CIOs and other IT leaders know the importance of having a well-oiled machine to support the vast requirements of the business. Not having a Google-like experience of an always-up, always-fast, easy to use technology ecosystem can be a competitive disadvantage. More pressing is that while most businesses want to reinvent, through digital transformation or other methods, these large-scale efforts fail 70% of the time.  

Under these conditions, traditional ways of managing IT by static runbooks, rigid, process-heavy ITIL methods, and isolated teams, has gone the way of the dinosaur. There’s too much data, too much change, too much technical debt, and too many moving parts. And as if that wasn’t enough, we’re now all just trying to figure out how to manage through the current reality of remote IT operations. 
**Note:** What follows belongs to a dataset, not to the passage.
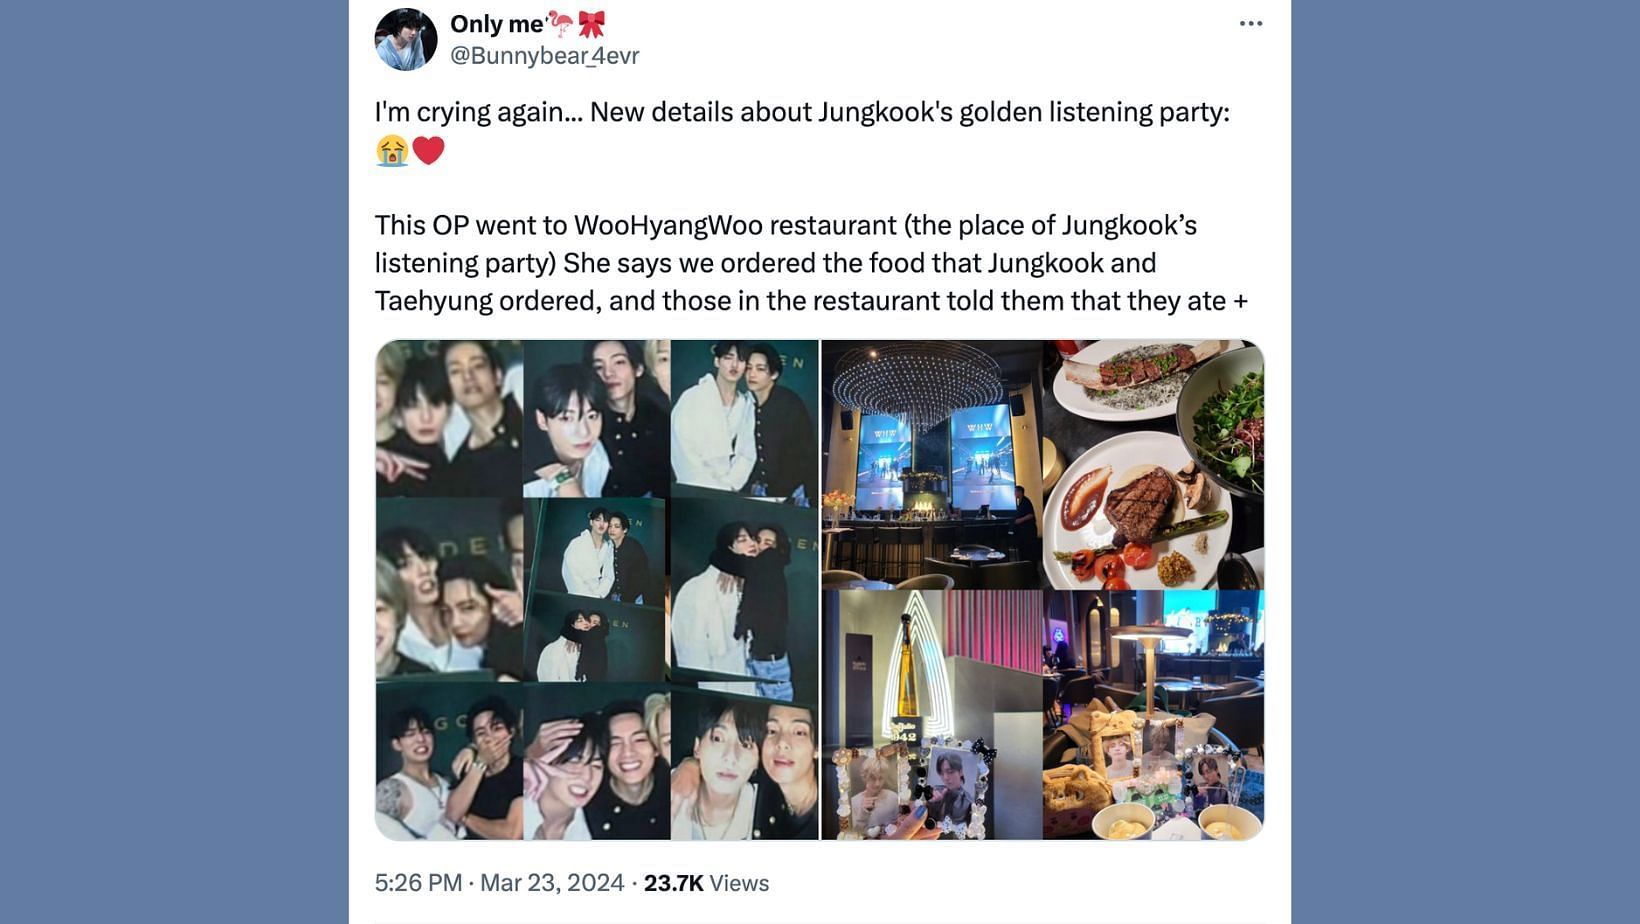 Fan shares exclusive details of Jungkook&#039;s GOLDEN Listening Party. (Image via X/@Bunnybear_4evr)
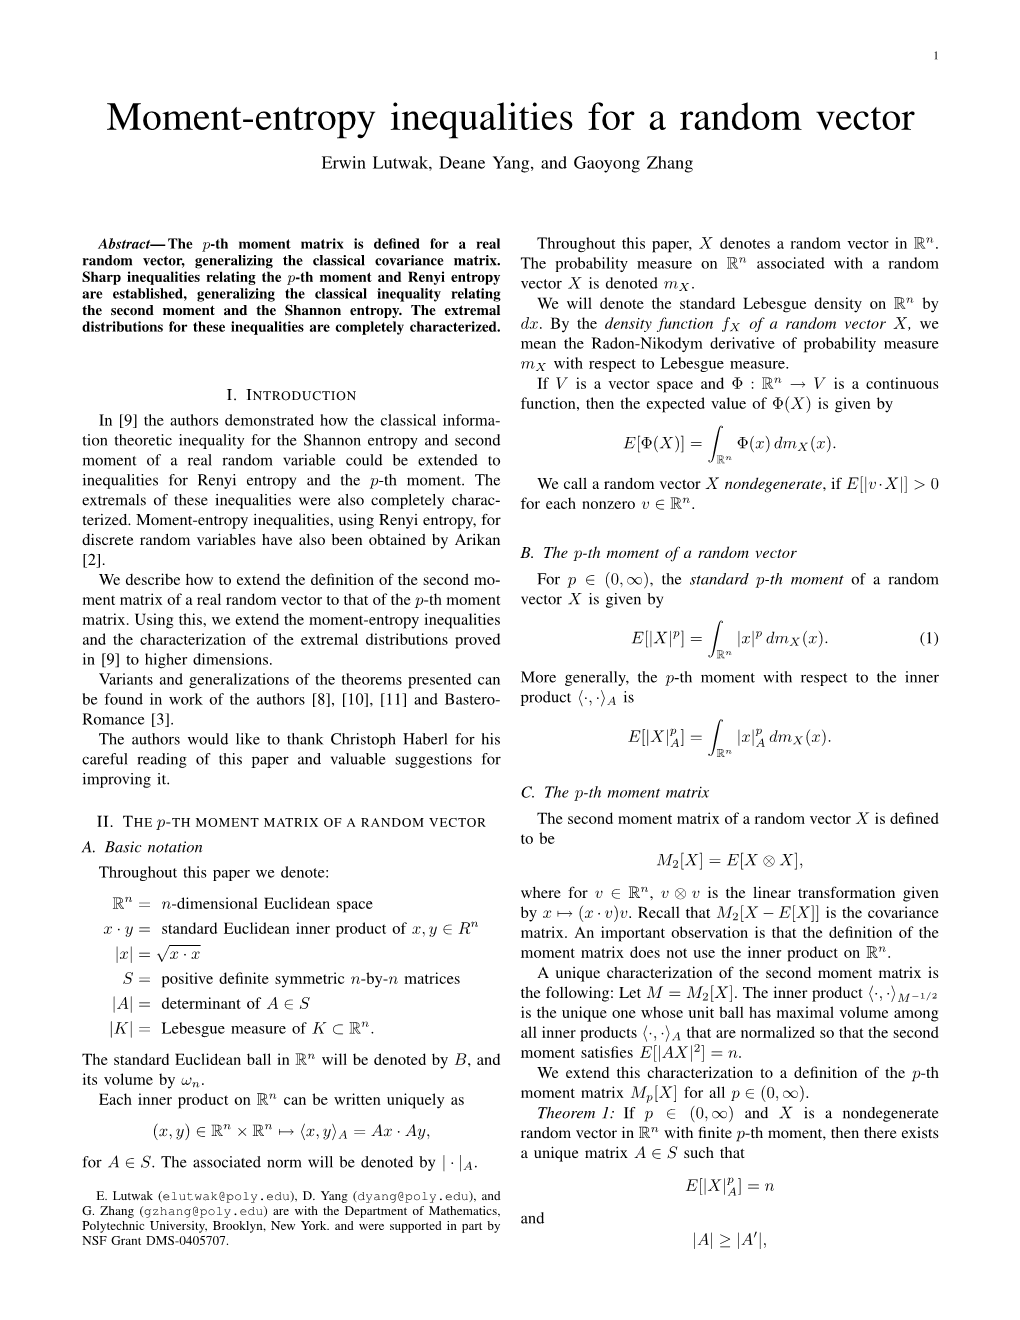 Moment-Entropy Inequalities for a Random Vector Erwin Lutwak, Deane Yang, and Gaoyong Zhang

But can accelerated digital transformation actually be a silver lining to the Covid-19 crisis? David Linthicum has written about the opportunity to enhance your cloud career during lockdown. He’s also predicting a post-pandemic run on cloud

We asked our customers and partners for input on what they’re doing right now to maintain digital transformation momentum in these difficult times. Some suggestions they gave us: 

  • It sounds obvious, but start by focusing on building more resiliency into your IT infrastructure so that systems are less prone to performance glitches and outright failure;
  • Improve the speed and accuracy for which problems affecting business users and key initiatives are solved;
  • Adopt modern performance monitoring capabilities so you can quickly adapt processes, technologies and strategies on the fly as business requirements change;
  • From a culture perspective, it’s critical to redefine old notions of “control” that allow for flexibility, self-service and agility while at the same time creating proper frameworks for security, governance and compliance.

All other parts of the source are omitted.